- [What to produce]: The data below should be restated word for word, with every picture omitted.

- [Collected material]:
━━━
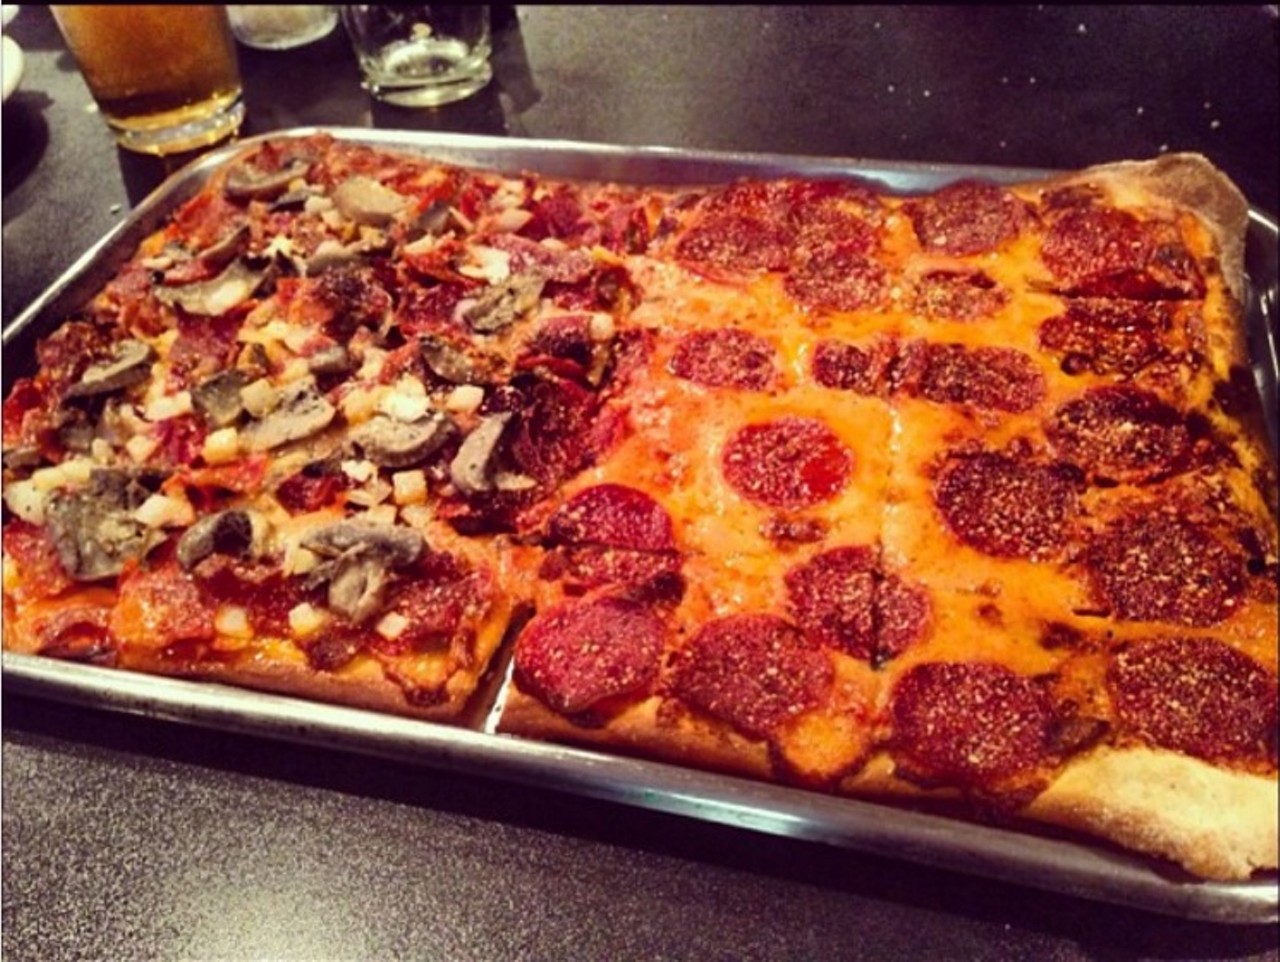 Pirrone's Pizza
Locations in St. Peters and Florissant
Another great place to try St. Louis-style pizza is Pirrone's. You won't find pre-made crust here -- every pizza is made to order. Enjoy! Photo courtesy of Instagram / ashleycaito.
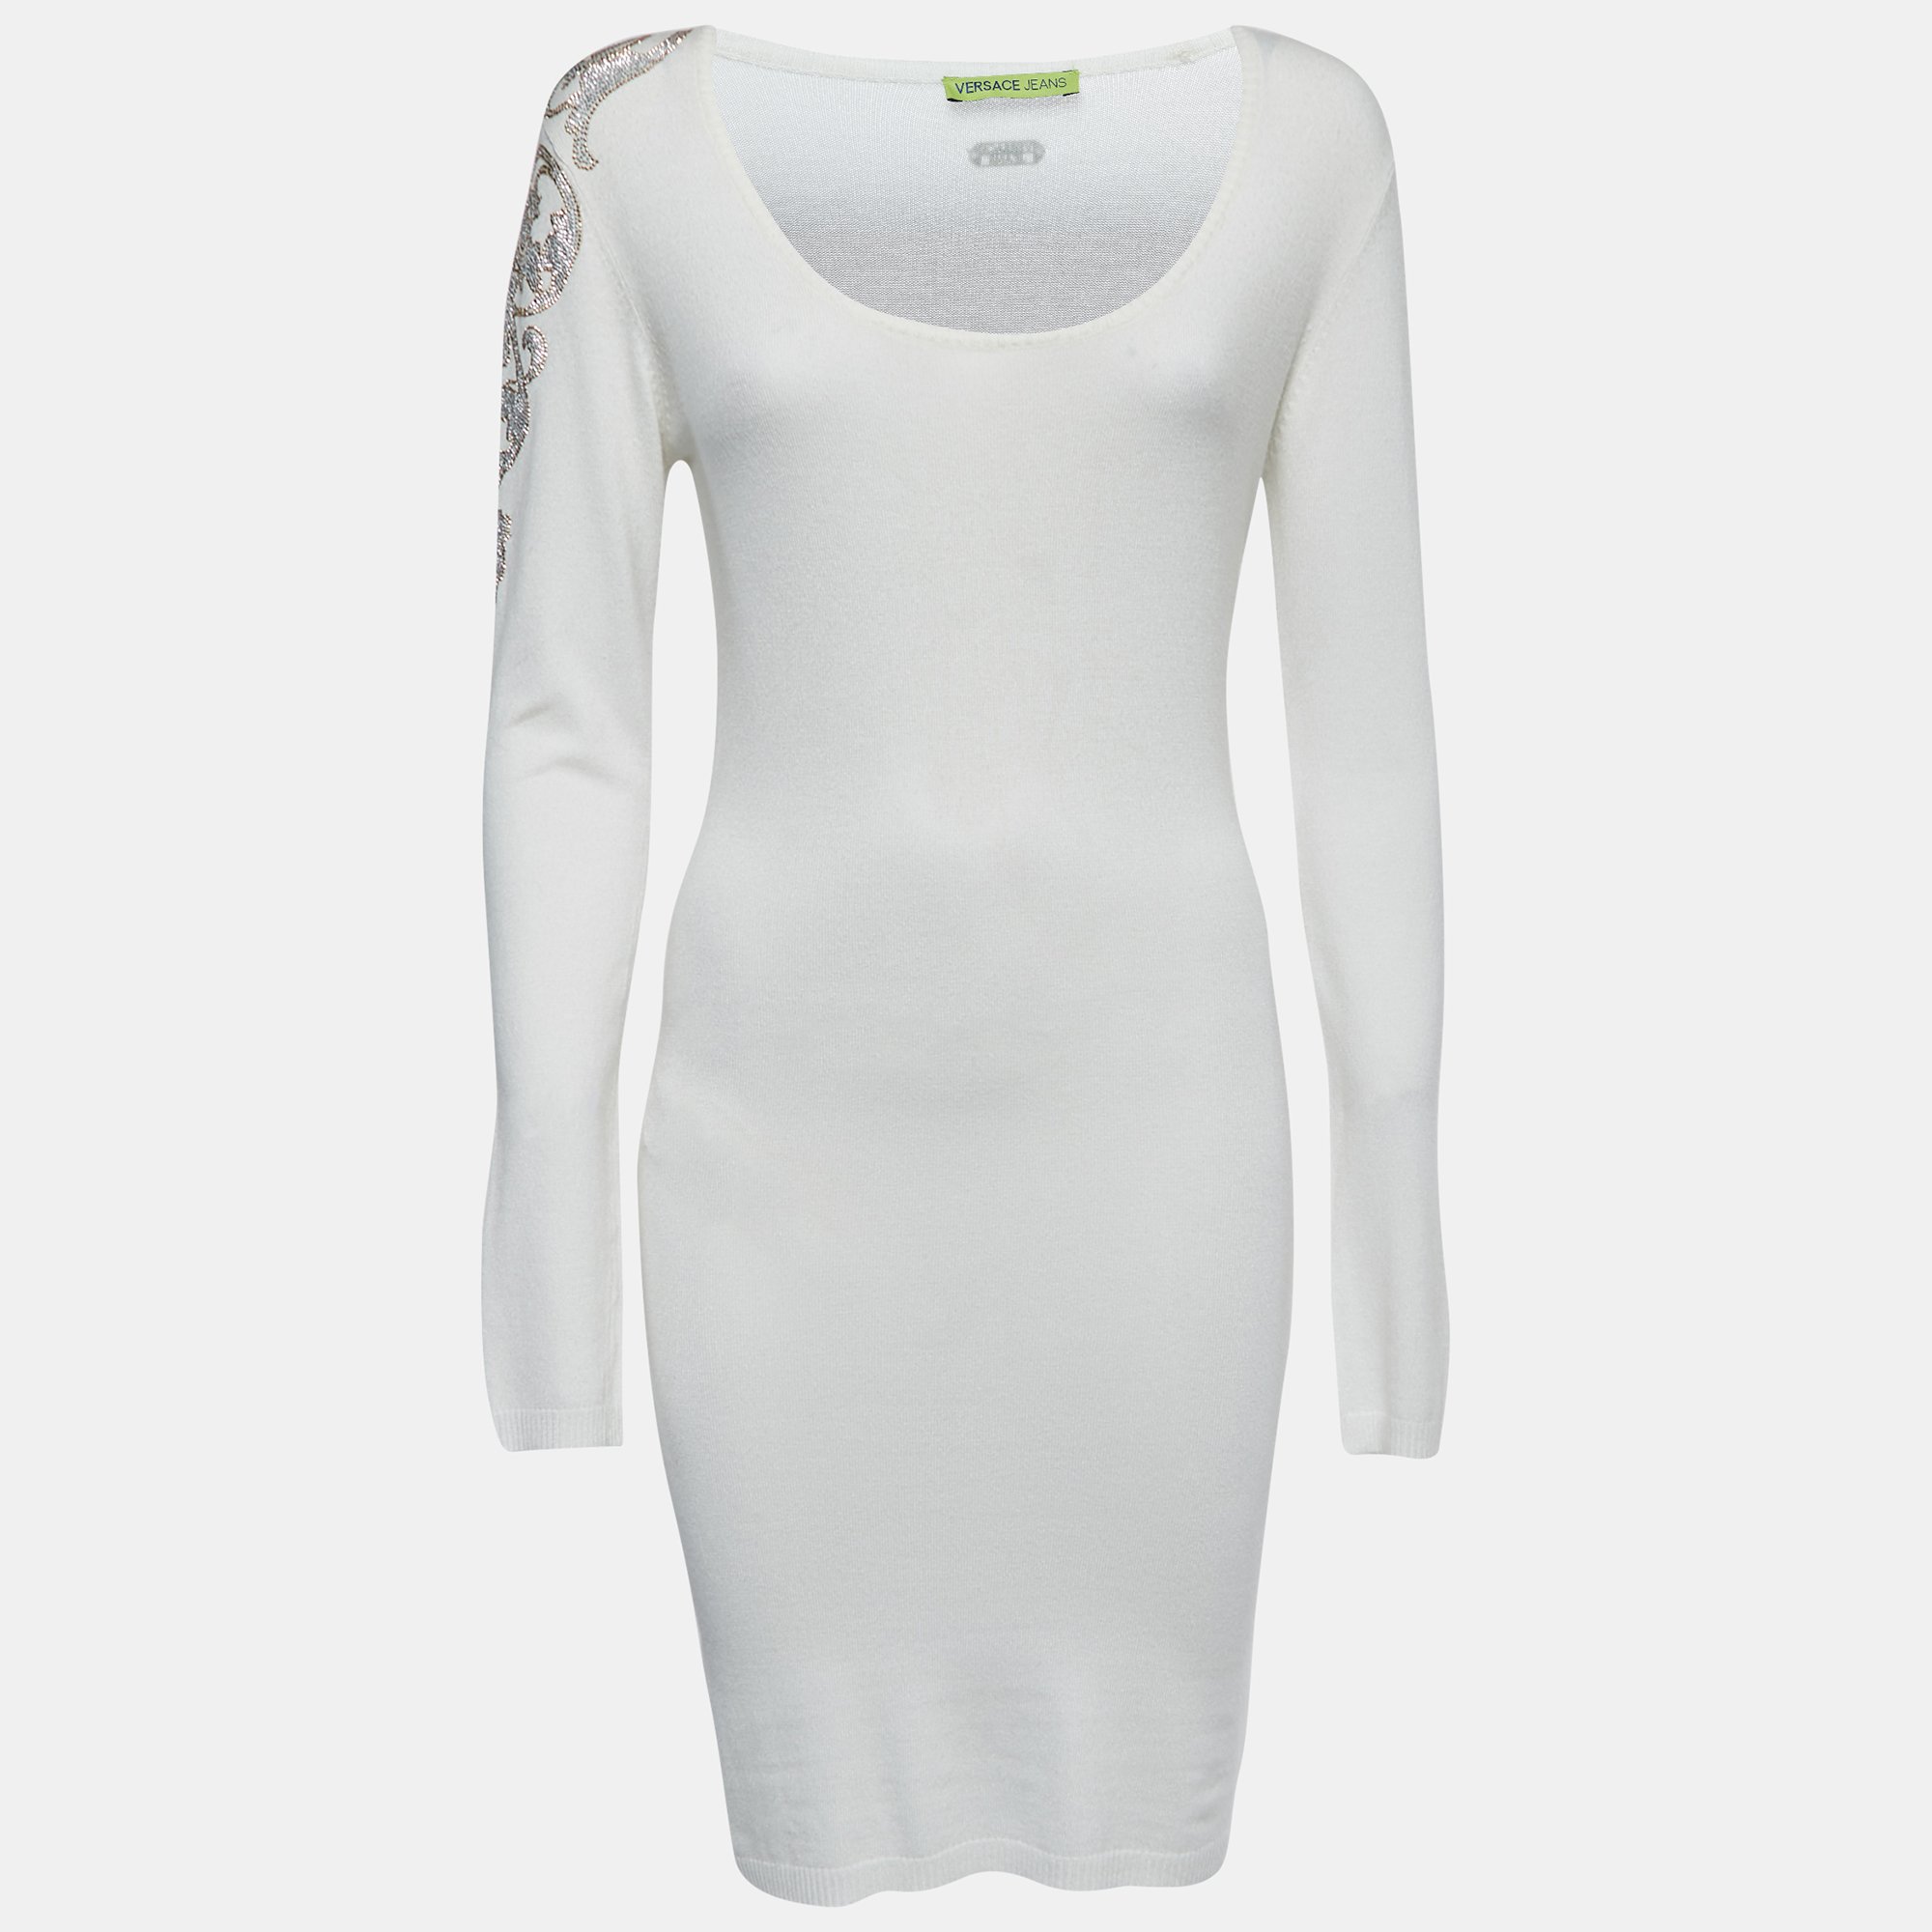 Versace Jeans White Knit Embellished Long Sleeve Bodycon Dress S
━━━
- [Written solution]:
 Pirrone's Pizza
Locations in St. Peters and Florissant
Another great place to try St. Louis-style pizza is Pirrone's. You won't find pre-made crust here -- every pizza is made to order. Enjoy! Photo courtesy of Instagram / ashleycaito.
 Versace Jeans White Knit Embellished Long Sleeve Bodycon Dress S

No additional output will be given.